Airy mousse dressed in slices of swirly swiss roll. Go big or go home, right? # 83: Fresh Berry Charlotte Royale
It’s a swiss roll . . . it’s a mousse . . . it’s a charlotte royale! There’s so many individual elements to this dessert, reading through the recipe made my head spin. With the help of some highlighters and sticky notes, I translated it into straight-forward, simple steps. All you need is a chunk of time, lots of fridge space and plenty of berries and dairy.
This is another one of those redemption bakes. Remember the charlotte I tried in February 2017? It turned into a trifle due to the gelatin not cooperating. Sigh. I took the time and watched videos of how to use powdered gelatin. Nerdy, I know, but useful! I also watched ZoëBakes’s step-by-step videos on how to make this recipe at least twice all the way through. If you haven’t started following her, you should! Her videos are amazing helpful and just plain fun to watch.
Just a girl and her cake.
The sponge recipe called for a mix of cake flour and all-purpose flour to make it light and airy. I can’t go back to life without a kitchen scale – it’s just so handy!
It’s amazing how floofy eggs and sugar can get. I whipped them a little more after this picture, so the ribbon stayed on top when drizzle-tested. If it melts back into the mass below then it’s not ready.
I sprayed the pan before lining it with parchment paper so the paper stayed put.
Getting ready to flip out the sponge. Sugar, sugar everywhere.
Removing the parchment paper reeally carefully so as not the rip the sponge.

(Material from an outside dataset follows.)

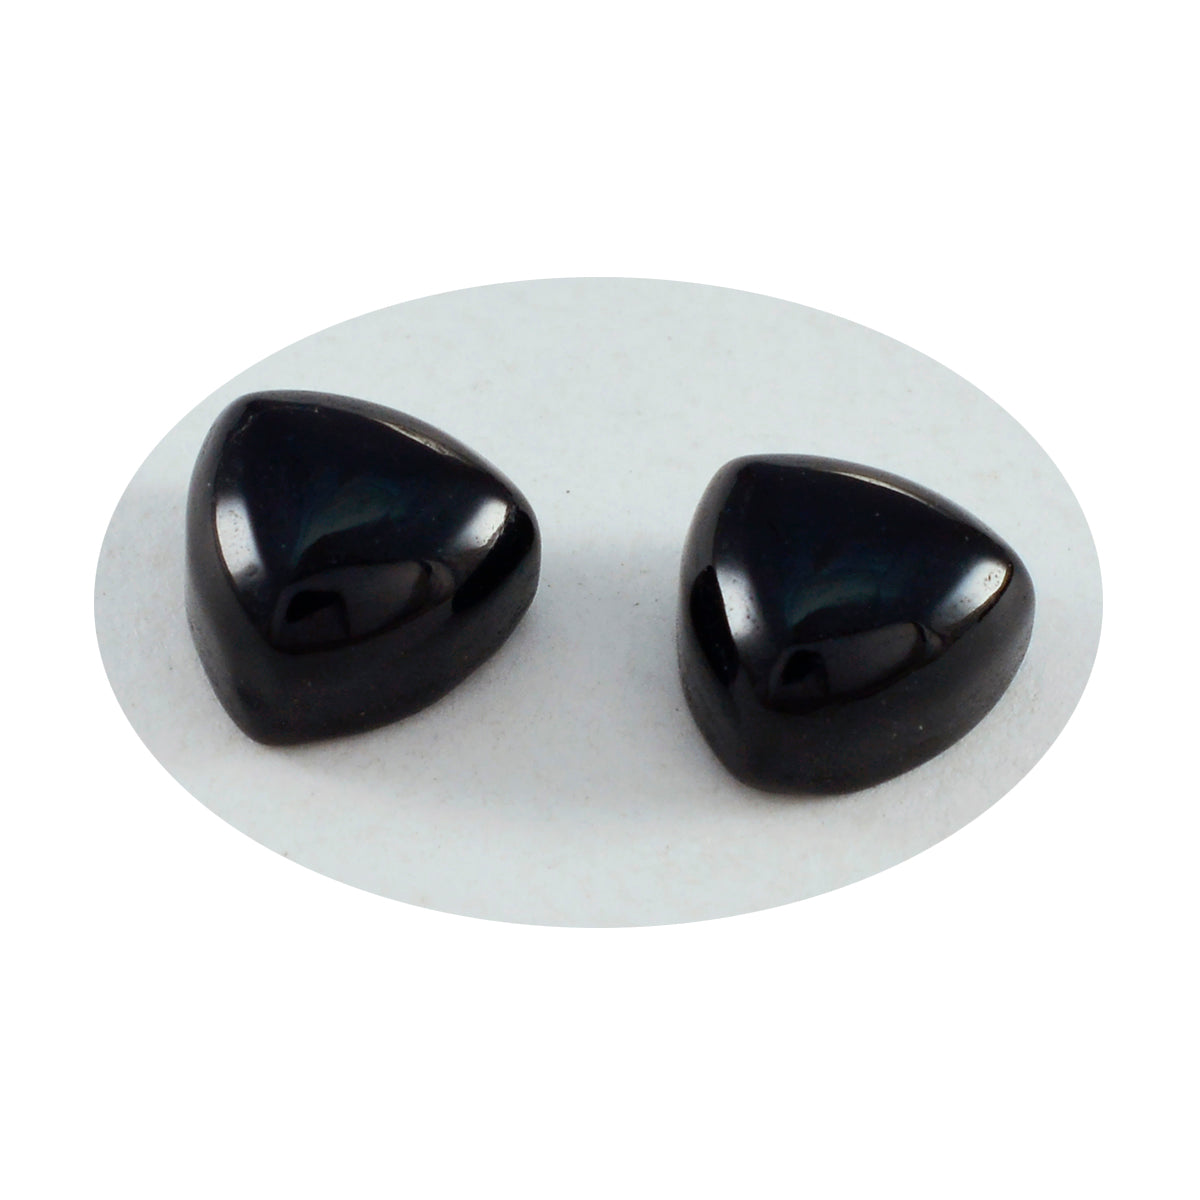 Riyogems 1PC Black Onyx Cabochon 10x10 mm Trillion Shape A+1 Quality Gemstone
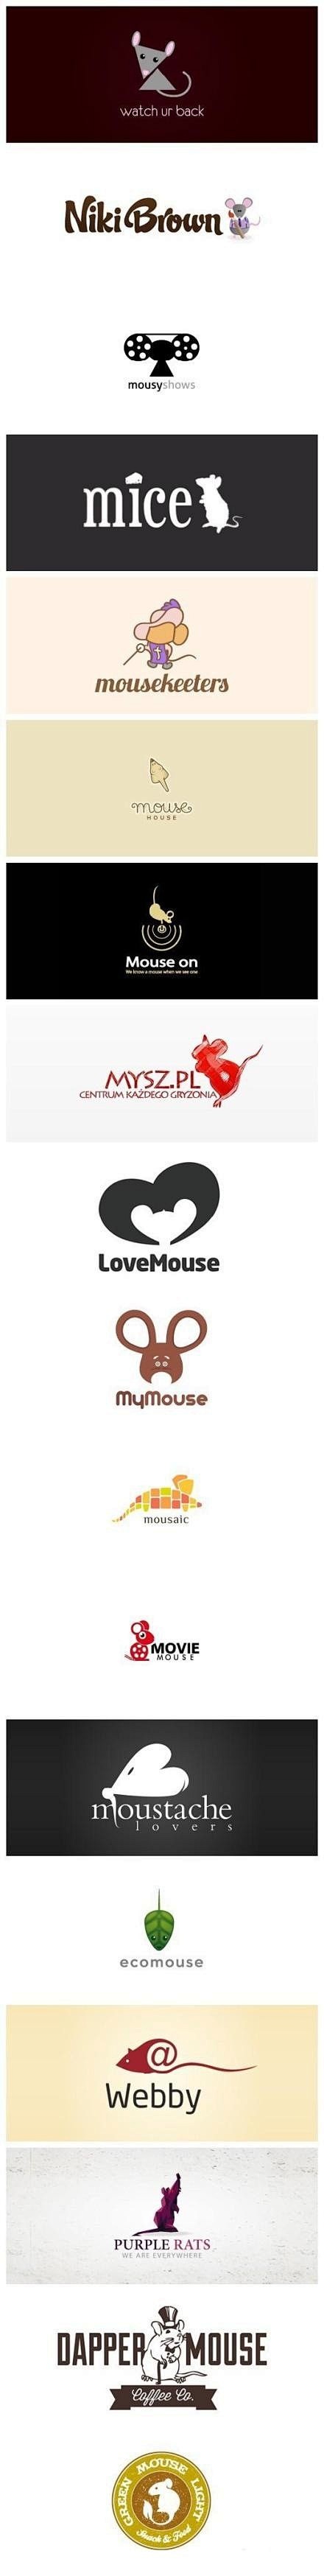 【一组以老鼠为主题的创意Logo设计】老...

After rolling it and letting it cool, I unrolled it and painted on the jam. I mixed raspberry and strawberry, cause why not?
Re-rolled, slightly frozen, and sliced into discs.
Lining the bowl with plastic wrap is supposed to help ease it out completed dessert at the end. Spoiler: it definitely helped!
A jammy optical illusion.
I only put 1.5 ounces of cointreau into the custard instead of the whole 5 ounces the recipe called for. It just seemed like too much liquid! Next time I’ll throw in some orange extract to add some flavor oomph.
Just like making pastry cream, you mix in a little bit of the scalded milk first before dumping it all in to temper the egg yolks.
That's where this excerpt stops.